*** Begin section ***
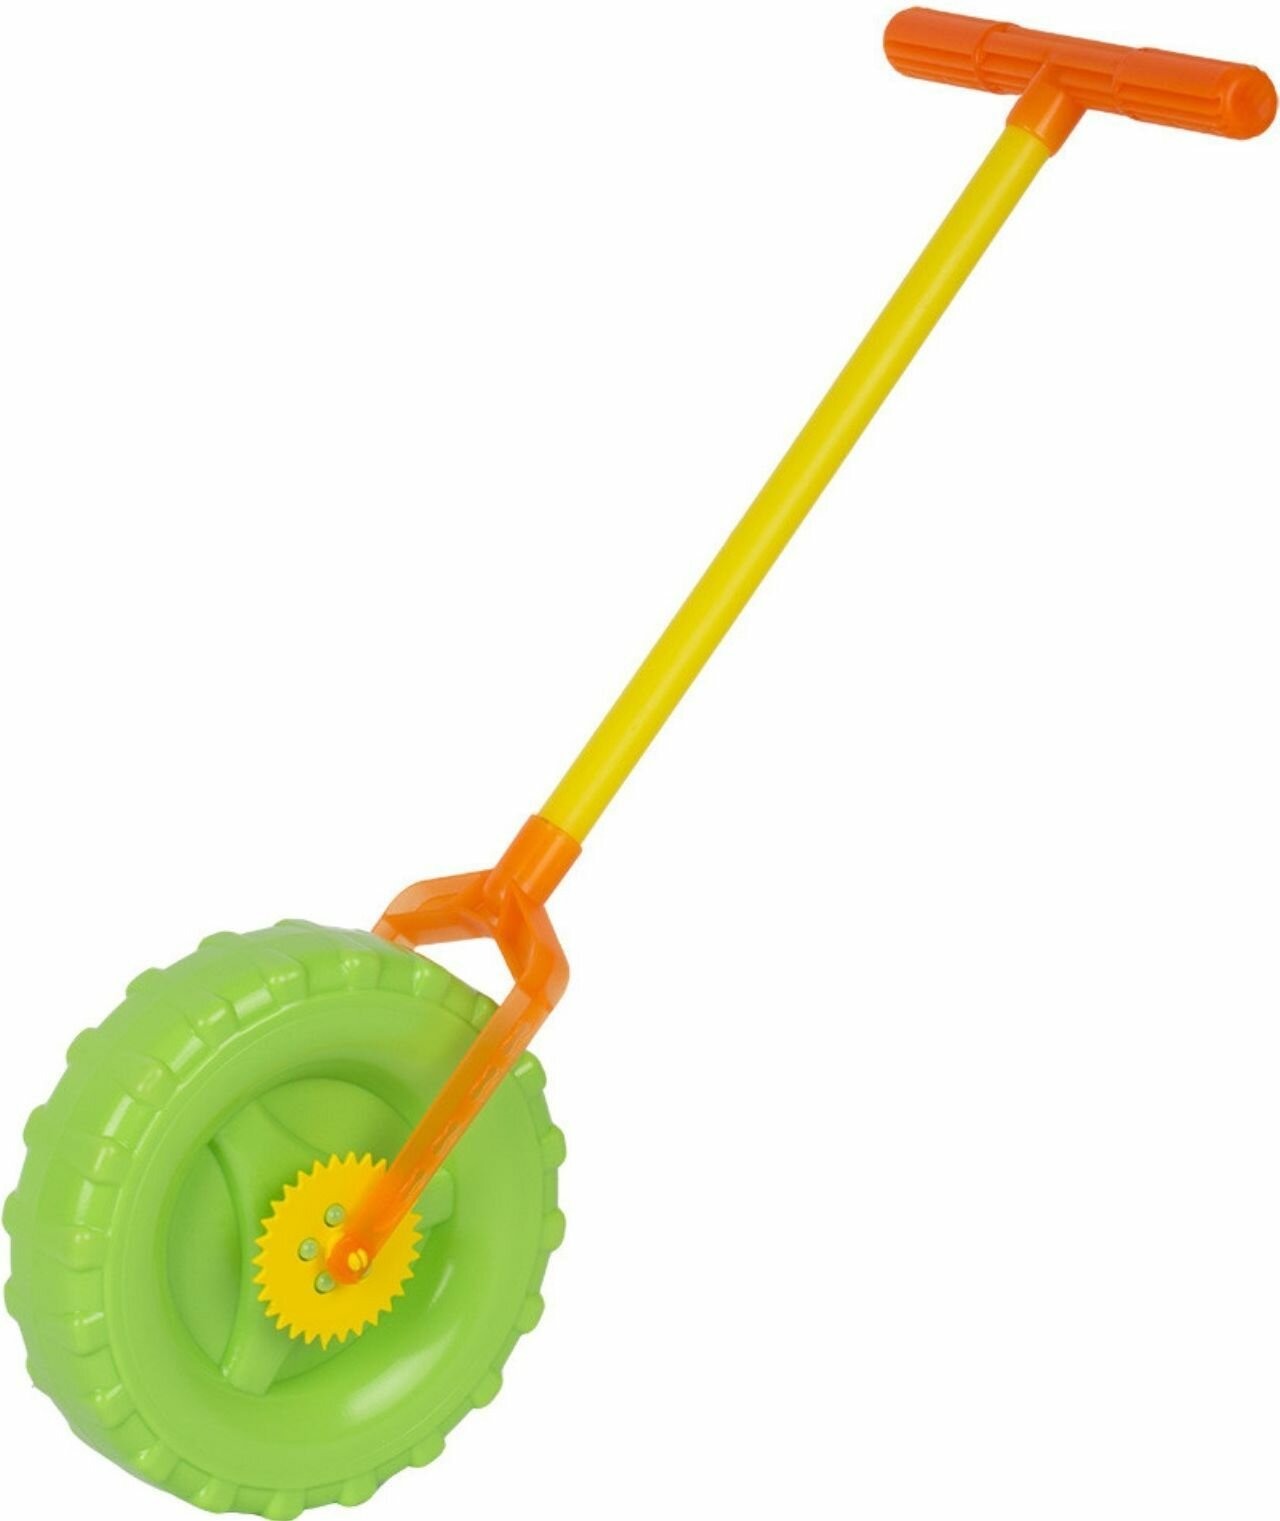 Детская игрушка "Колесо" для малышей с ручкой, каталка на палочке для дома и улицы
*** End section ***
*** Begin section ***
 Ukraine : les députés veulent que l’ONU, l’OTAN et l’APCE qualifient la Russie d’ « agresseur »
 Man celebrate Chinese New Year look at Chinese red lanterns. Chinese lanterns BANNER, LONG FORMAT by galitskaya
*** End section ***
**TASK PROMPT**
Within the listing above, extract exactly the lines from the line with "Ukraine : les" to the line with "Man celebrate Chinese", the two named lines included, and no others.

**RESPONSE BOX**
 Ukraine : les députés veulent que l’ONU, l’OTAN et l’APCE qualifient la Russie d’ « agresseur »
 Man celebrate Chinese New Year look at Chinese red lanterns. Chinese lanterns BANNER, LONG FORMAT by galitskaya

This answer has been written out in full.